Dabei ist die Lage am Arbeitsmarkt für Frauen auch ohne Corona schwierig. Ein Blick zurück in die vergangenen 20 Jahre zeigt, dass zwar die Erwerbstätigenquote von Frauen von 59 auf 69 gestiegen ist, gleichzeitig aber auch die Teilzeitquote von unselbstständig erwerbstätigen Frauen von 33 auf 48 Prozent angewachsen ist. Auch die Lohnunterschiede zwischen Männer und Frauen werden weniger, aber sie sind noch da. Frauen verdienen in Österreich um 19,9 Prozent weniger als Männer. Im EU-Vergleich liegt Österreich damit weiterhin deutlich über dem europäischen Durchschnitt von 14,1 Prozent.

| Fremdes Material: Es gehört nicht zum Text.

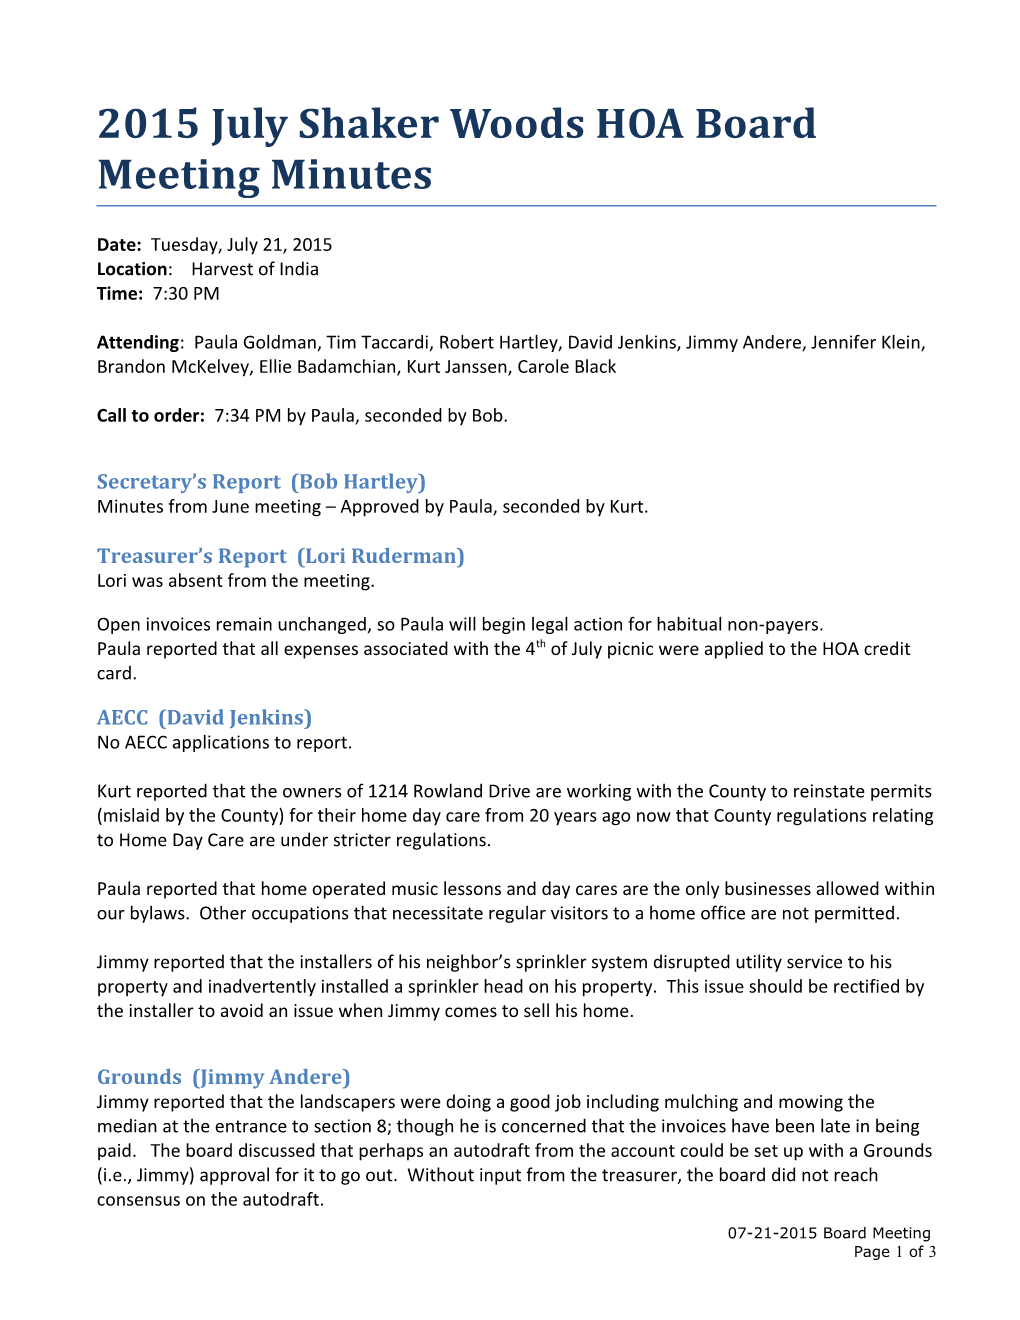 2015 July Shaker Woods HOA Board Meeting Minutes

„Das hat damit zu tun, dass in Österreich zu wenige Akzente gesetzt werden und es keine konkreten Zielsetzungen, wohin man will, gibt.“ Vorhaben würden nur sehr halbherzig umgesetzt, als Beispiel dafür nennt Moritz die Einkommensberichte. Die Unternehmen erheben Lohnunterschiede, aber es gibt keine Verpflichtungen, die Schere zu verringern. „Es gibt keine verbindlichen Regelungen.“ Gleichzeitig werde den Frauen einiges umgehängt, von der Pflege bis zur Kinderbetreuung. „Der Staat macht die Augen und Ohren zu, wenn es um die Pflege geht, und dann wundert man sich, dass Frauen nur Teilzeit arbeiten“, so Moritz.